### THE DATA
________________________________________

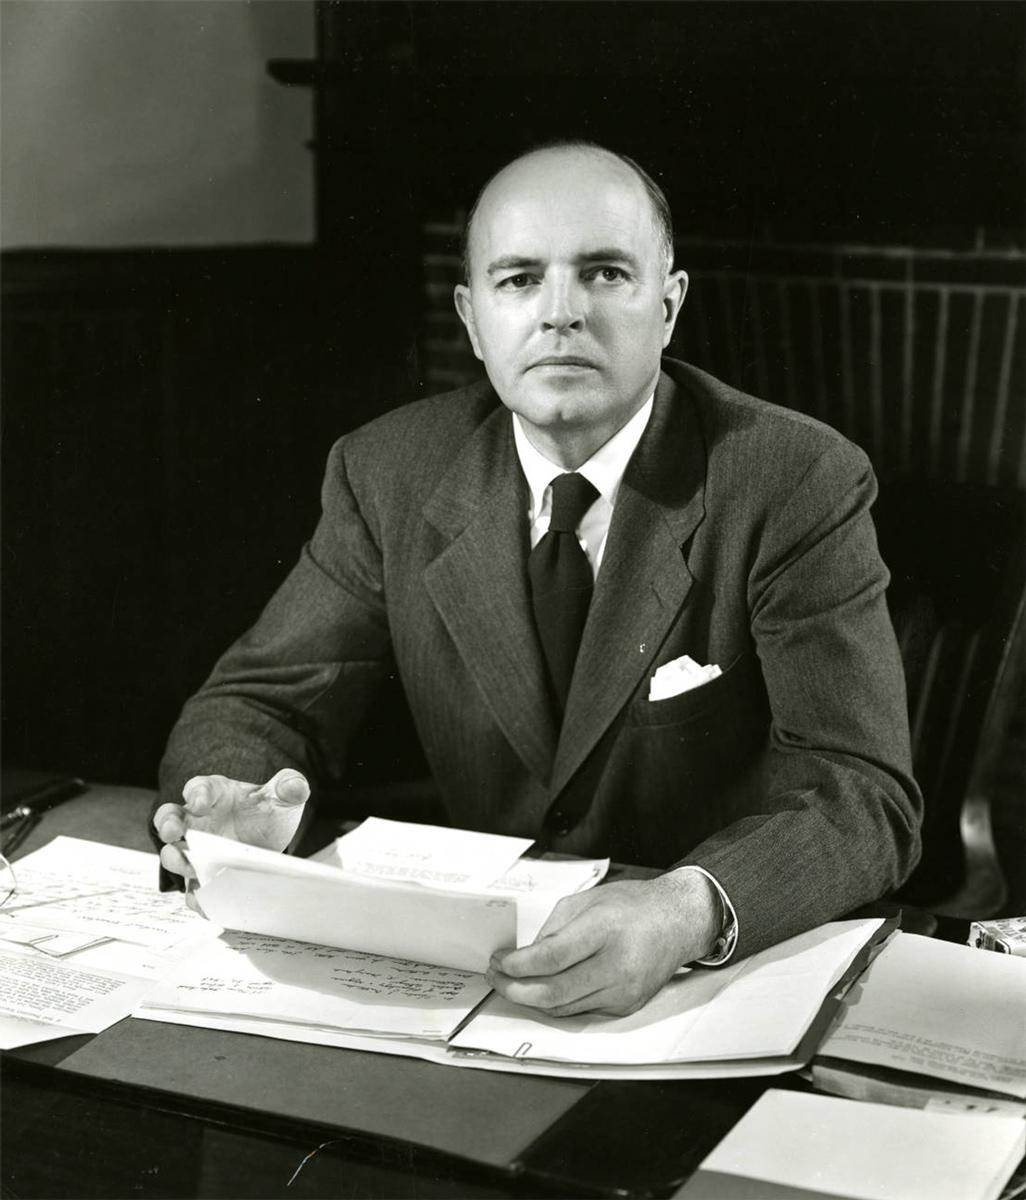 former Goucher President Otto Kraushaar
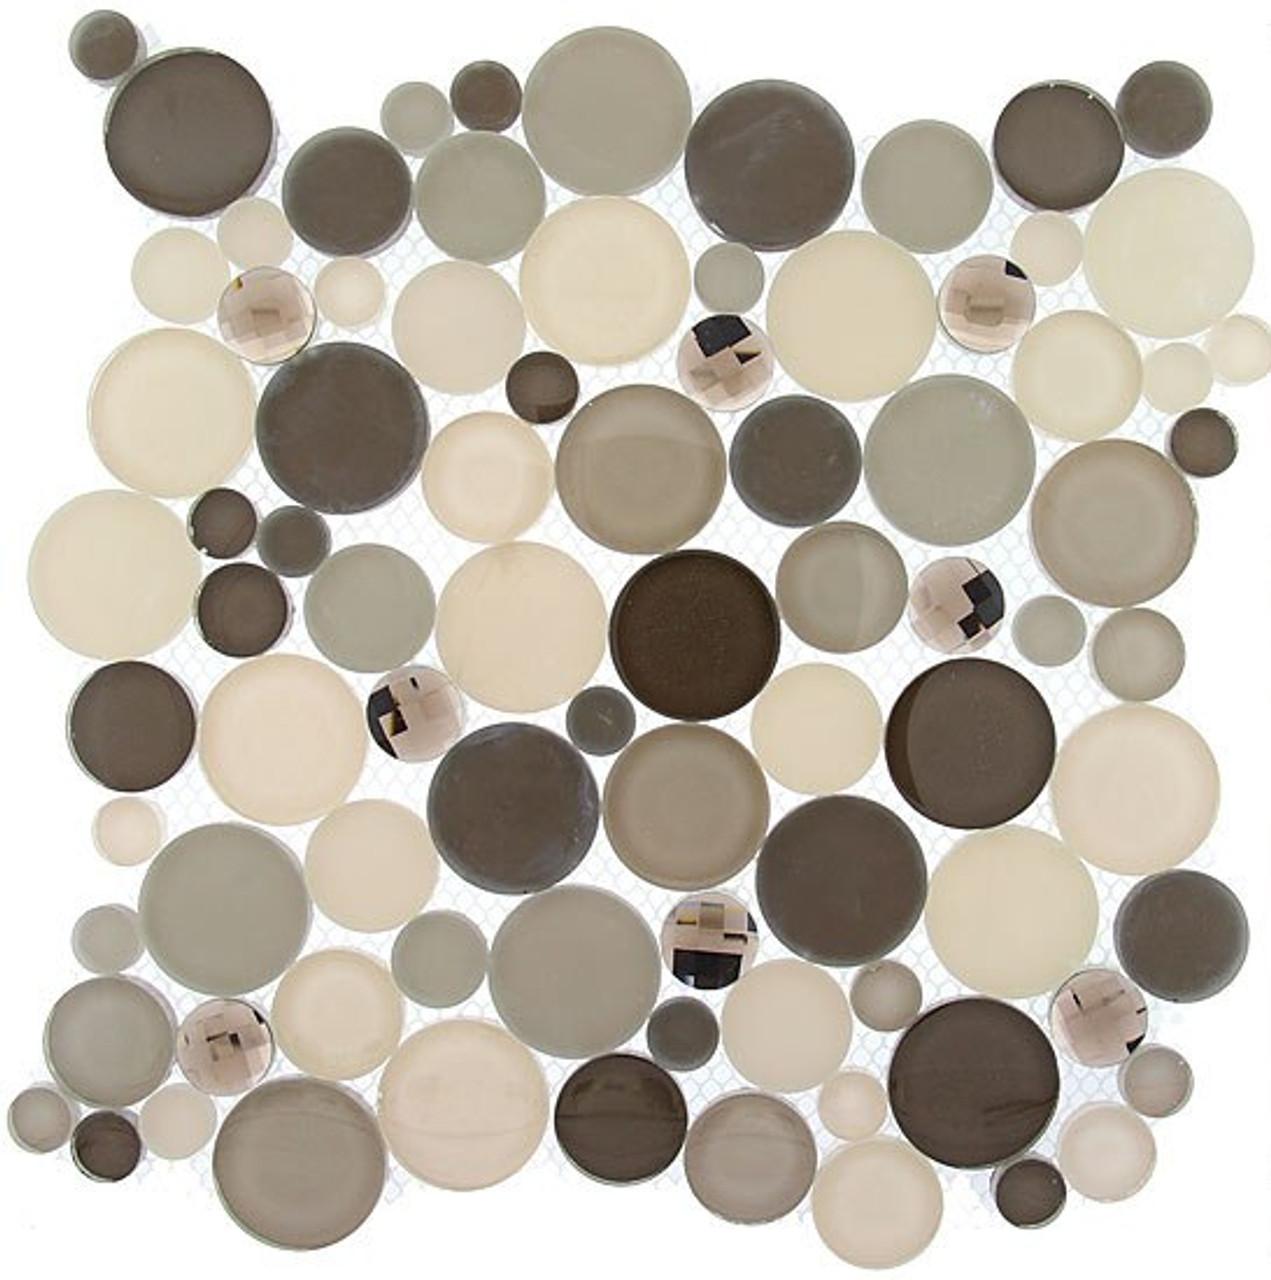 Bella Glass Tiles Symphony Bubble Series Platinum Foam
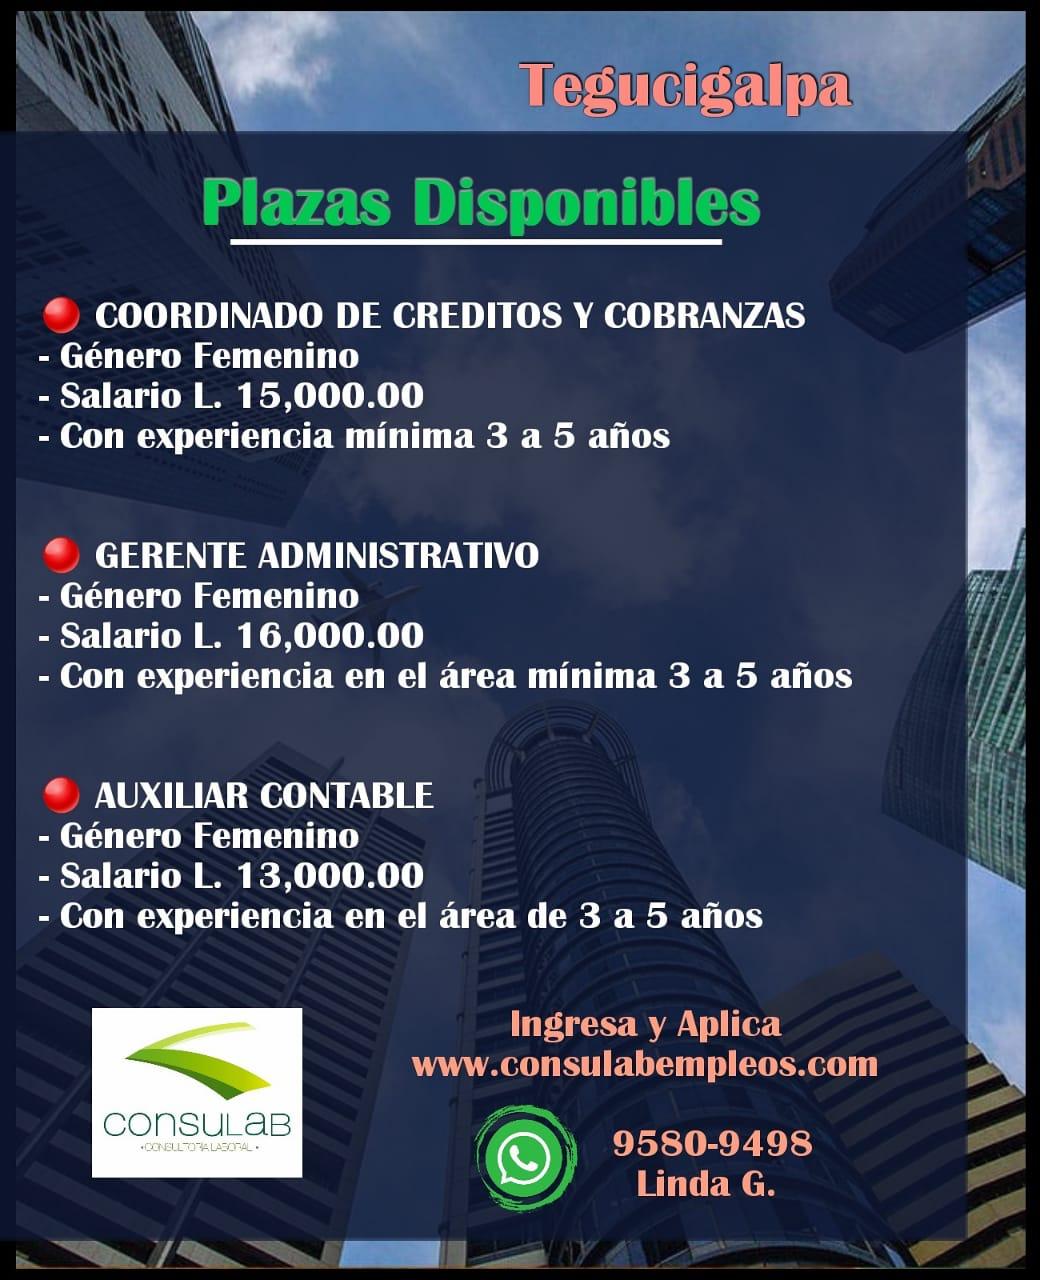 Plazas disponibles en Tegucigalpa

________________________________________

### DIRECTIONS FOR THIS TASK
The listing above must be restated word for word. Its pictures are to be left out.

### TASK OUTPUT
 former Goucher President Otto Kraushaar
 Bella Glass Tiles Symphony Bubble Series Platinum Foam
 Plazas disponibles en Tegucigalpa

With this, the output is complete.